Go Red for Women 2013 The Southern Delaware Go Red For Women will be held on Friday, Feb. 8, 2013. Tickets, which are $35 each, include extensive health screenings, $10 gift card from Macy's, guest gift bag and lunch, entertainment that includes fashion show and silent auction. Table sponsorships are $1,000 and exhibitor sponsorships are $1,500. The event begins at 10 a.m. with lunch and the program starting at noon. For more information, visit www.heart.org/southerndegoredluncheon.

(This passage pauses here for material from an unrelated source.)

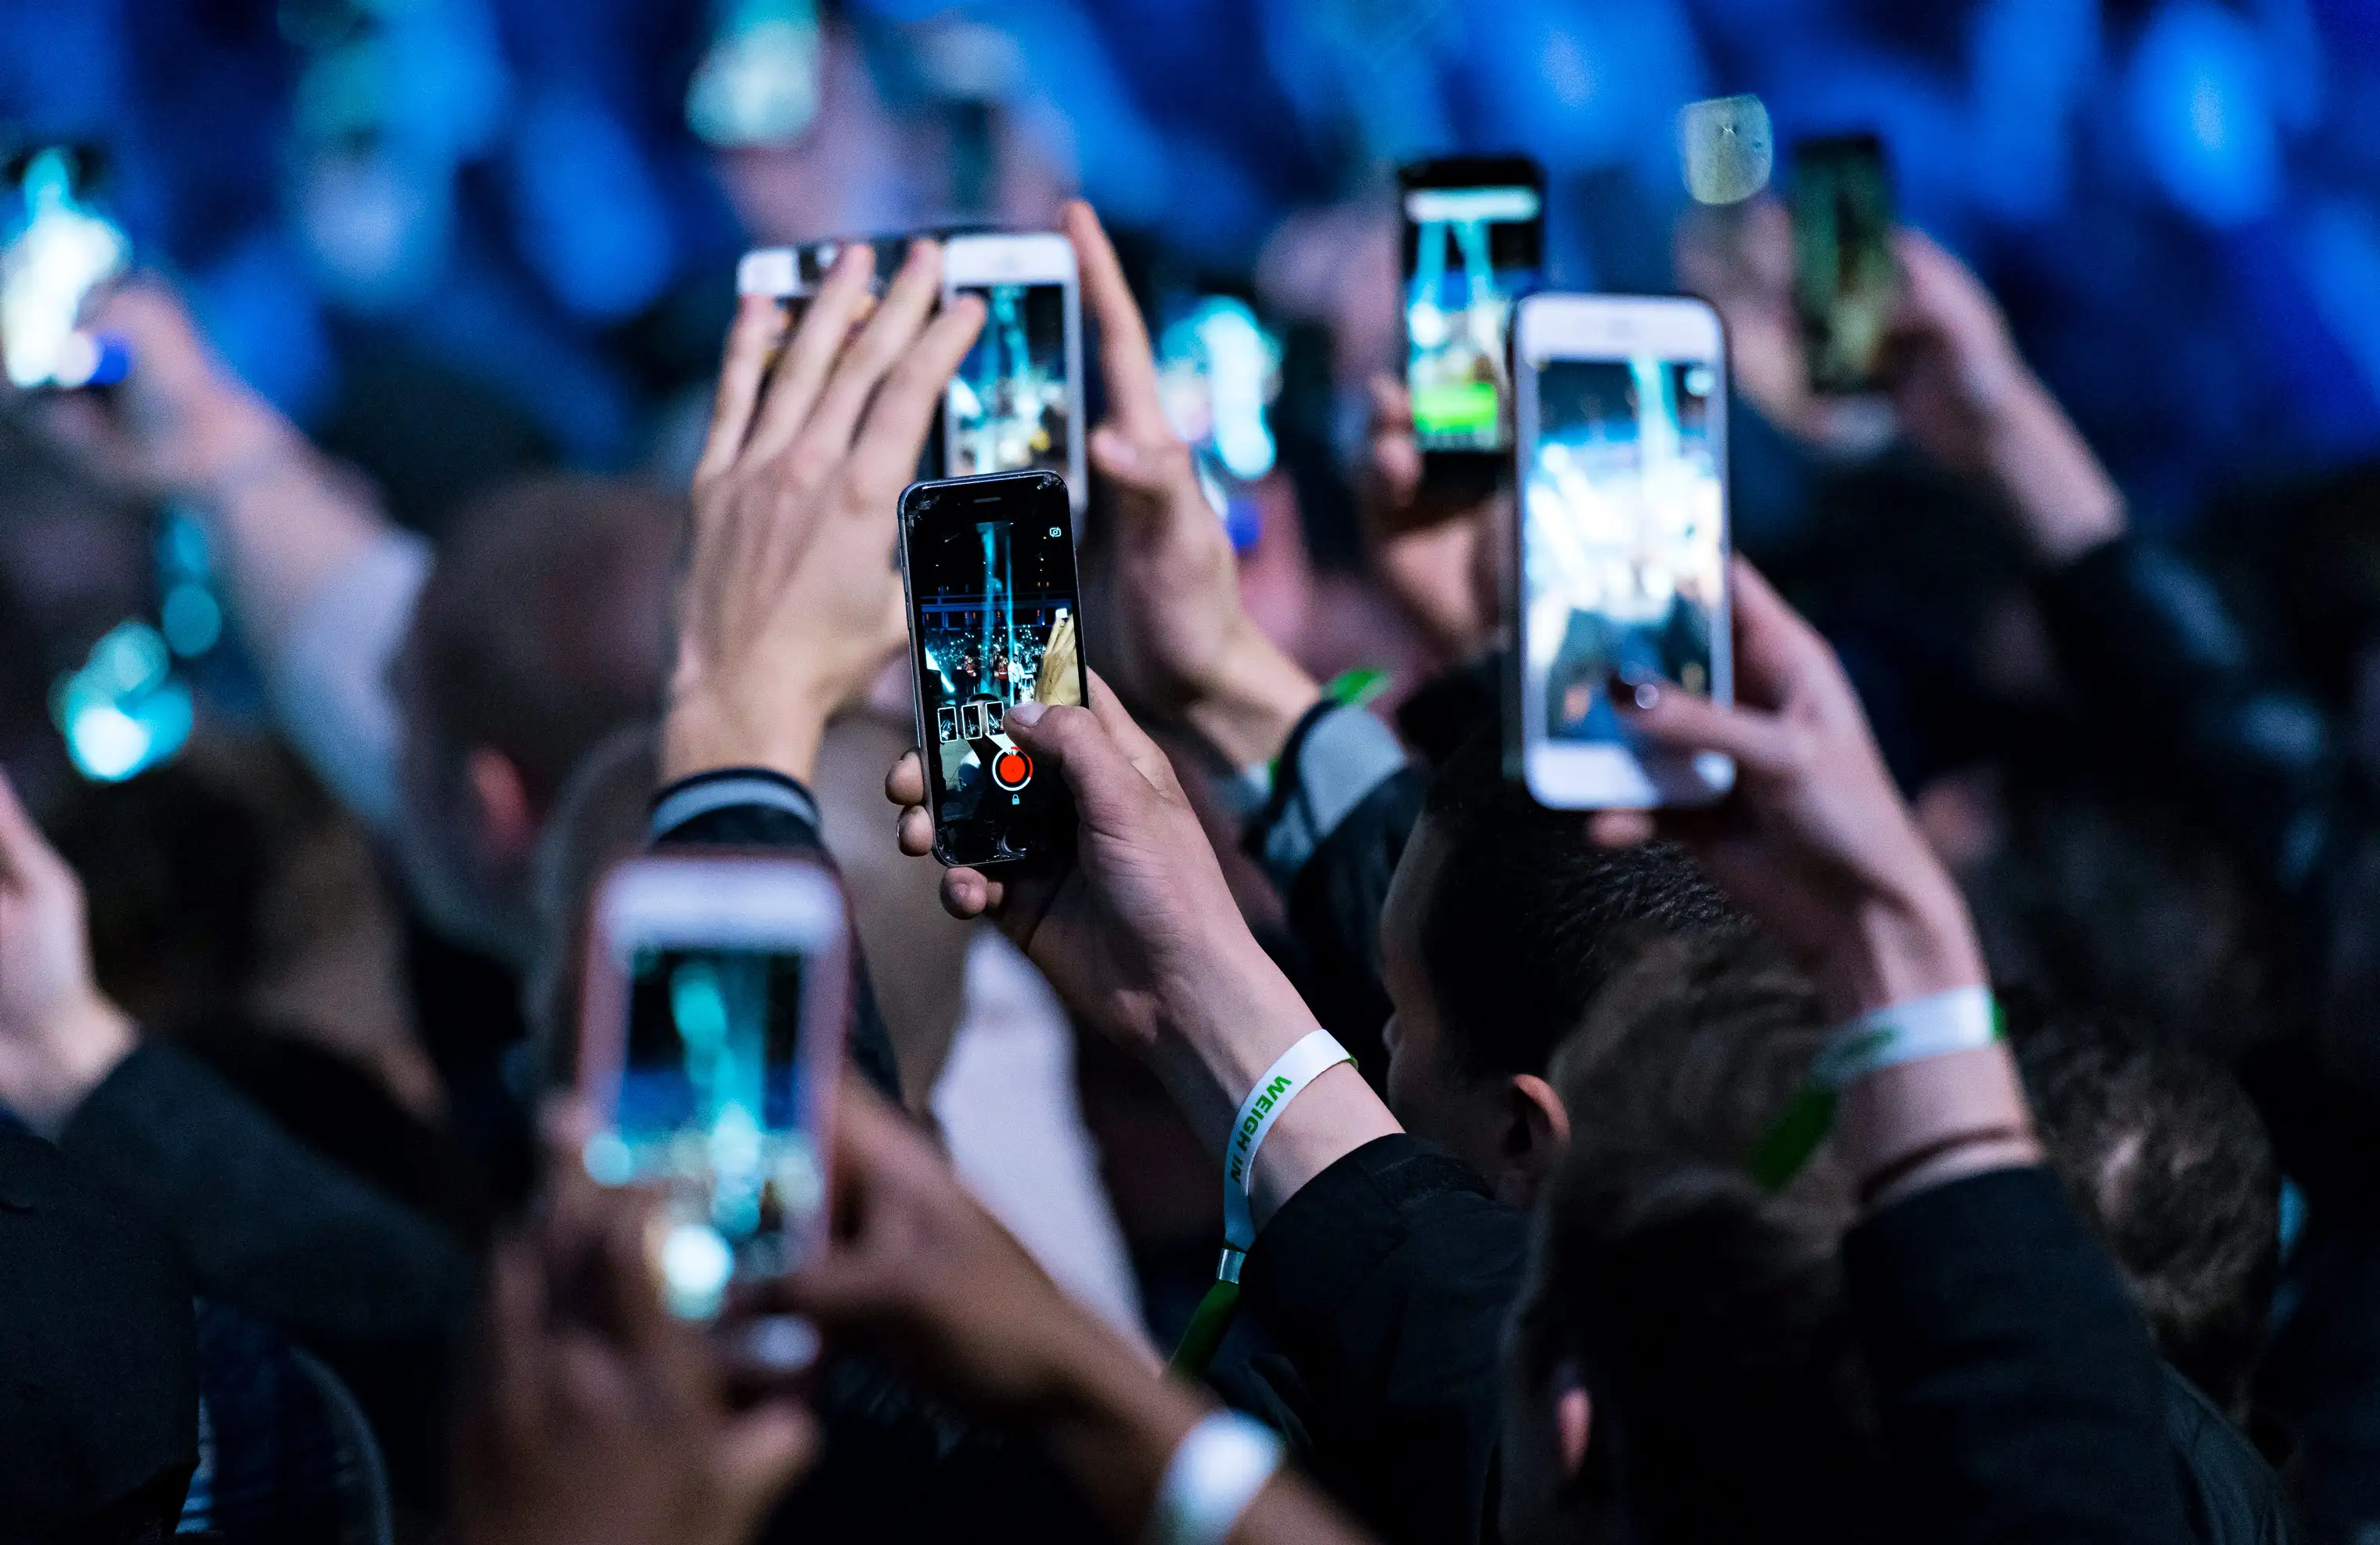 Spectators use their Apple iPhones at an event in Cardiff, United Kingdom.

NMH offers CPR classes Nanticoke Memorial Hospital will offer community CPR classes to anyone interested in learning CPR at the Nanticoke Training Center located on Water Street in Seaford. Participants will learn how to perform the basic skills of CPR on adults, children, and infants and how to help an adult, child, or infant who is choking and use of the AED. This classroom-based, video, and instructor-led CPR course offers families, friends, and community members the opportunity to learn CPR and need a course completion card. Classes are open to participants ages 12 and up. This program is specifically designed for those who prefer to learn in a group environment with feedback from an instructor. Cost is $40. Payment and registration is required by no later than five business days prior to the class. Late registrations may be accepted if seating is available. To register and to obtain a listing of class dates/times, contact the Nanticoke Memorial Hospital's Training Center office at 629-6611, ext. 8919. Pre-registration is required.
HIV/AIDS Support Group A new support group for HIV/AIDS will meet every other Wednesday, at 7 p.m., in the Branford Lounge at Epworth UMC at 19285 Holland Glade Rd., Rehoboth Beach. The group is sponsored by Epworth UMC, CAMP Rehoboth, the AIDs Delaware and Delaware HIV Consortium. For more information, contact David at email@example.com.
Tobacco cessation classes Bayhealth's seven week Tobacco Cessation program offers support and guidance to help you quit using all tobacco products. The series of classes began Tuesday, Nov. 6 and is held every Tuesday for seven weeks, ending on Dec. 18. The class will be held from 5 to 6:30 p.m. in the Rehab Conference Room at Bayhealth Milford Memorial. This series of classes offers strategies to improve your lifestyle through behavior modification, diet, stress reduction, exercise and nicotine replacement therapy. The "quit week" is the fourth week of the program. This program is free to all Delaware residents. Call 1-877-453-7107 to register. You must be at least 18 to register and be able to attend all sessions. For more info, or to register for the next series, call Bayhealth Clinical Educator Terry Towne, MSN, RN-BC, NE-BC, at 744-6724.
Parkinson's support group meeting The Nanticoke Parkinson's Education and Support Group will hold its regularly scheduled monthly meeting on the third Monday of each month, from 10 to 11:30 a.m in the ballroom at the Nanticoke Senior Center. The public is welcome to attend the meeting and stay for lunch and a social time after the meeting.